I liken RNA splicing to discovering the Rosetta Stone. We understood how the same letters of the alphabet could be written and rewritten to form new words, new meaning, and new languages. The new “language” of mRNA vaccines can be developed in a laboratory using a DNA template and readily available materials. Knowing the genetic code of the SARS-CoV-2 is the first step in generating the mRNA vaccine. The effective delivery of vaccines into the body based on our fundamental understanding of mRNA took decades more work and ingenuity to figure out how to evade other cellular mechanisms perfected over hundreds of millions of years of evolution to destroy foreign genetic material.

Q: Looking ahead 40 more years, where do you think mRNA technology might be?
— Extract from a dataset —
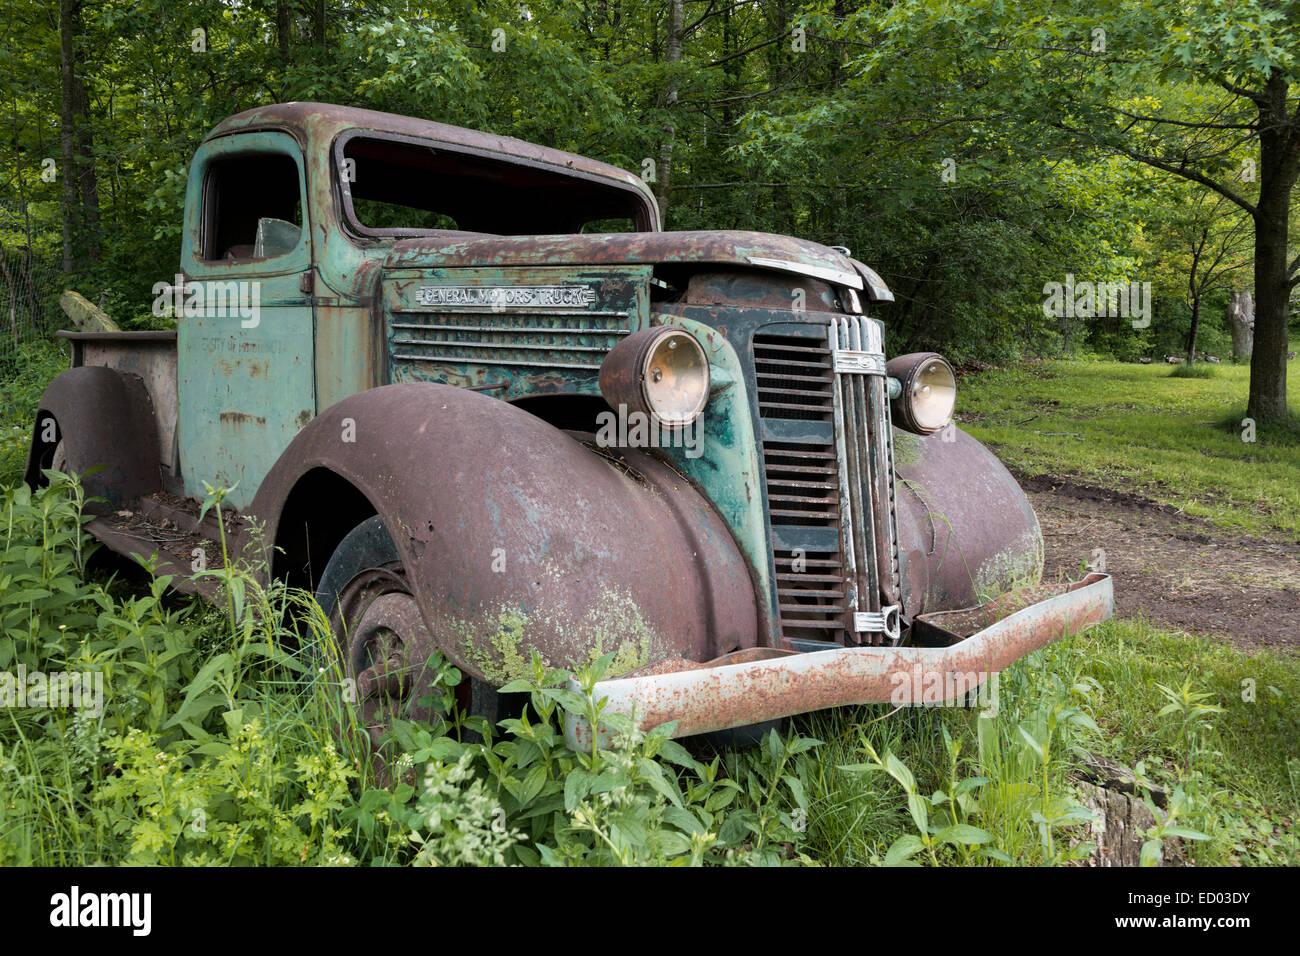 Old rusted General Motors truck, near Sandstone, Minnesota, USA - Stock Image

A: In the future, mRNA vaccine technology may allow for one vaccine to target multiple diseases. We could also create personalized vaccines based on individuals’ genomes.
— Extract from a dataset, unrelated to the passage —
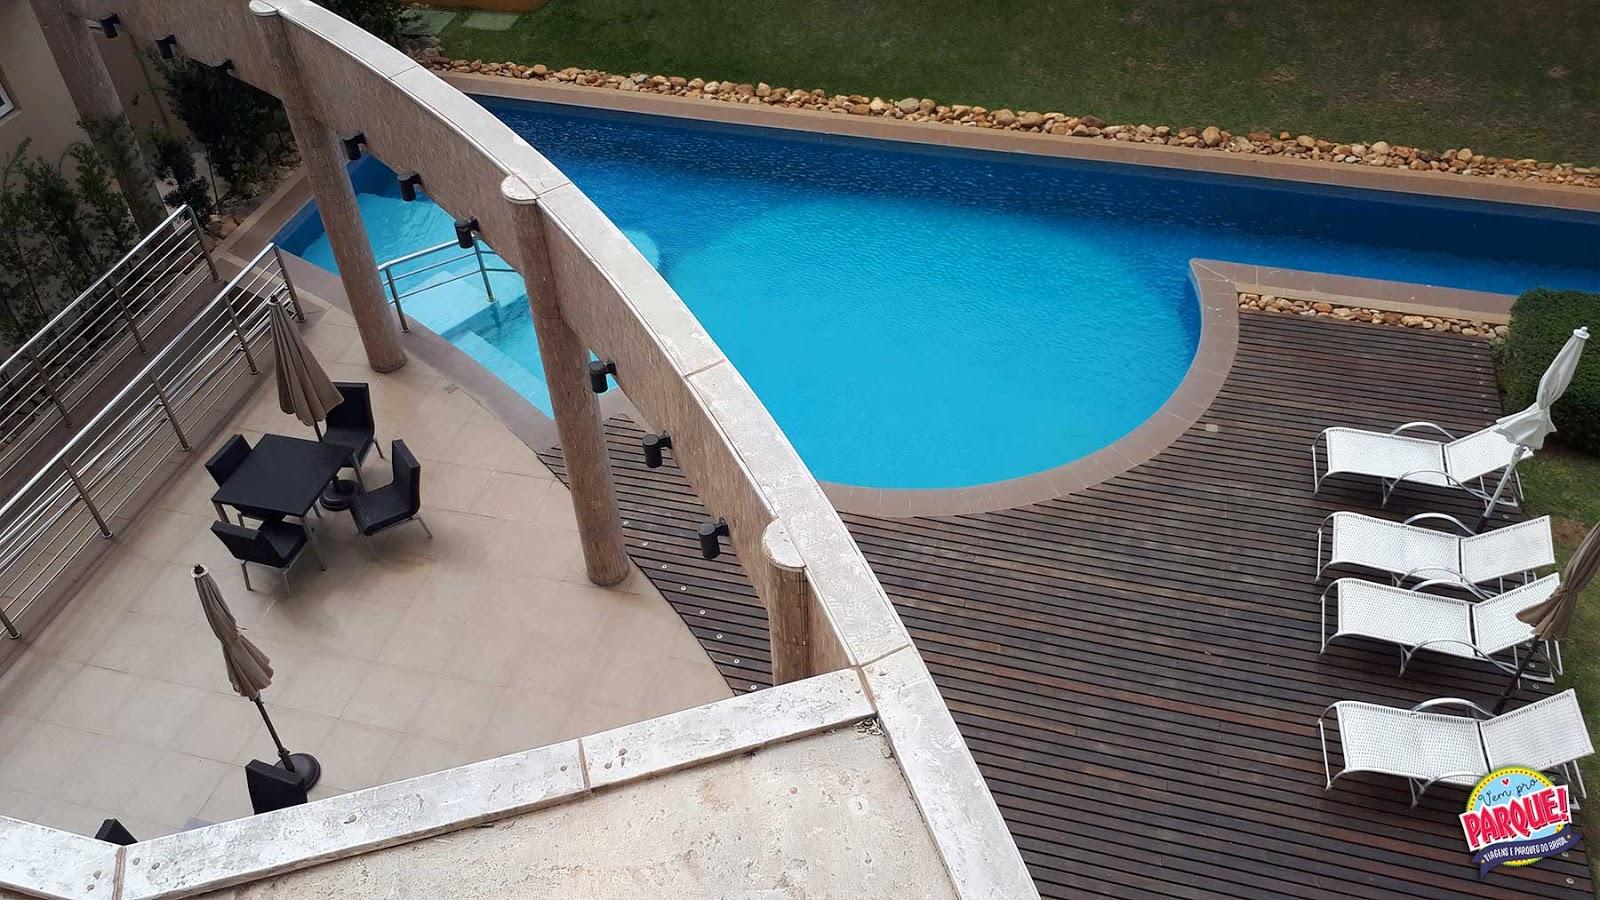 Hotel Intercity Vinhedo Orlando Brasileira

Messenger RNA vaccines have several benefits compared to other types of vaccines, including the use of noninfectious elements and shorter manufacturing times. The process can scaled up, making vaccine development faster than traditional methods. RNA vaccines can also be moved rapidly into clinical trials, which is critical for the next pandemic.

It is impossible to predict the future of RNA therapies, such as the new vaccines, but there are some signs that new advancements could happen very quickly. A few years ago, the first RNA-based therapy was approved for treatment of lethal genetic disease. This treatment was designed through the discovery of RNA interference. Messenger RNA-based therapies will also likely be used to treat genetic diseases, vaccinate against cancer, and generate transplantable organs. It is another tool at the forefront of modern medical care.

But keep in mind that all mRNAs in human cells are encoded by only 2 percent of the total genome sequence. Most of the other 98 percent is transcribed into cellular RNAs whose activities remain to be discovered. There could be many future RNA-based therapies.